Wow, Silvertip! Did someone p*ss in your Cheerios this morning? I'm sure you are very knowledgeable, but your communication skills could use some work.

----------------------

Yes the engine grounds through the hull. But that's no reason not to use an isolated busbar. At least you can try to keep the galvanic corrosion isolated to the transom.
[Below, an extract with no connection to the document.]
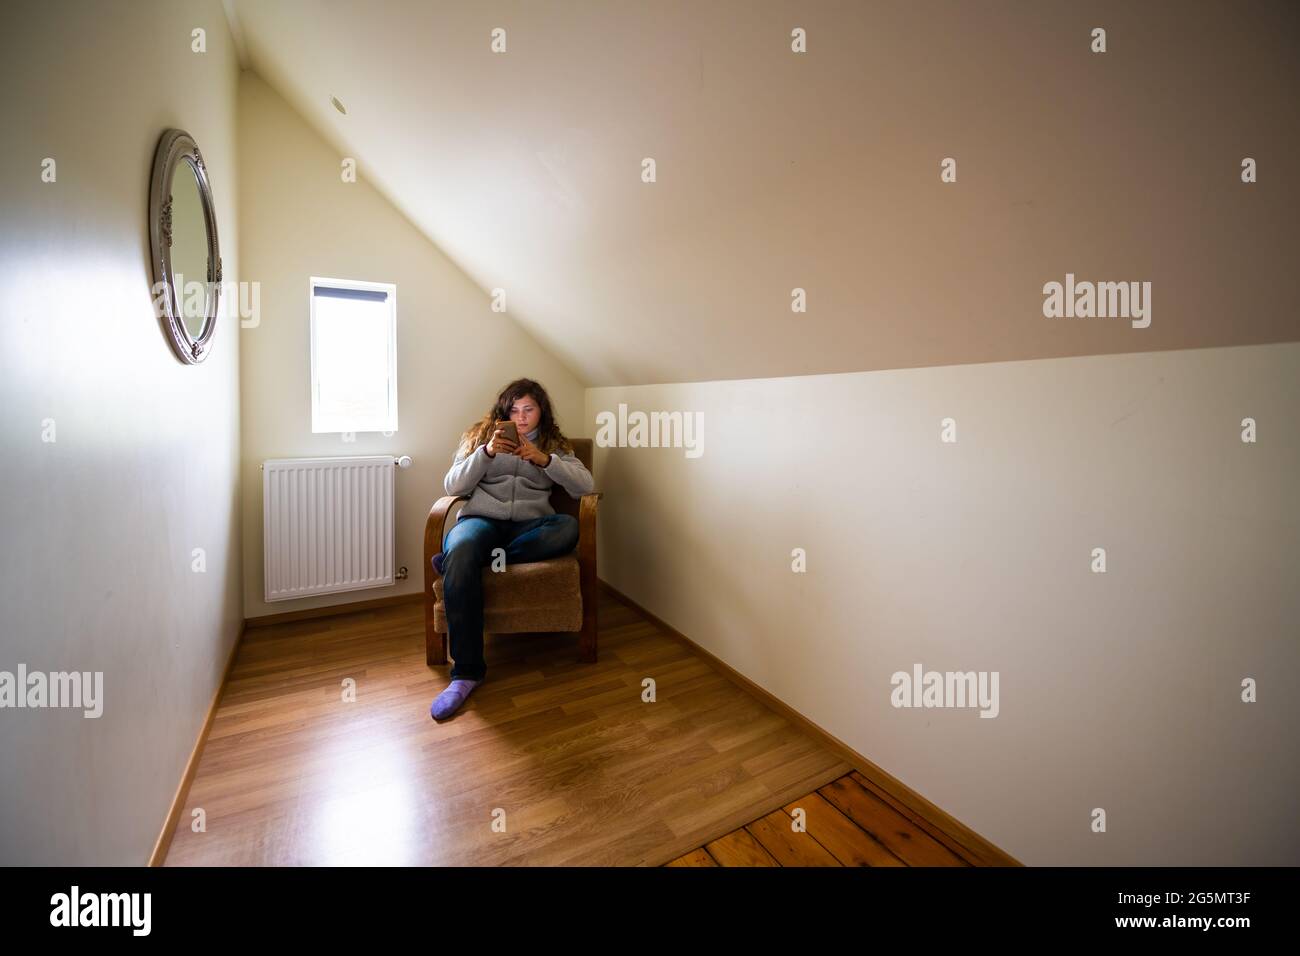 Europäische Loft-Zimmer Schlafzimmer im Gästehaus mit Frau am Fenster am Telefon in Haus Innenhaus Wohnung im Hostel Hotel sitzen Stockfoto

Also, while moving the battery (to fill water, etc.), I believe failure is less likely--at the least, easier to diagnose and repair--if you have a single ring terminal or lug to the battery (i.e., ground strap to the busbar) than if you have multiple ring terminals or multiple wires into one ring terminal at the battery.

It is easy to isolate the busbar from the hull; either use something like a Blue Seas Systems minibus with a phenolic baseplate, or screw any old busbar to a piece of plastic and bolt the plastic to the hull.

And as for the master switch, that is ABYC standard, aluminum hull or no. I misspoke when I said "prevent shorts"; I meant to say it would act to help prevent battery drain from a "trickle" short.
 

Silvertip

Supreme Mariner
Joined
Sep 22, 2003
Messages
28,771
Re: Wiring Diagram Critique

If it is a standard, why aren't small recreational boats that do not have shore power capability wired that way? I didn't say it wouldn't work did I? I "suggested" that it was unnecessary. I also "suggested" that the bar creates multiple points of failure. Not that it wouldn't work. As for whizzing in my Cheerios, I eat healthier than that. Had they whizzed on my fruit & veggies, THEN I would be upset. You are participating in an on-line forum -- pull up your big boy panties. It is your option to take or ignore advice and comment. As for communications skills -- if you only knew!!!!! Just trying to head off another ground-to-the-hull discussion.
 

bruceb58

Supreme Mariner
Joined
Mar 5, 2006
Messages
30,603
Re: Wiring Diagram Critique

Grounding to the hull is fine as long as you aren't expecting any current to be flowing through the hull. The only purpose of grounding to the hull is to get it at the same potential as the other grounds on your boat.
 

DerDer

Recruit
Joined
Mar 5, 2008
Messages
5
Re: Wiring Diagram Critique

I'll drop the 2nd battery switch.

Thanks for the help. I appreaciate the knowledge on this board. I've learned a lot from you guys.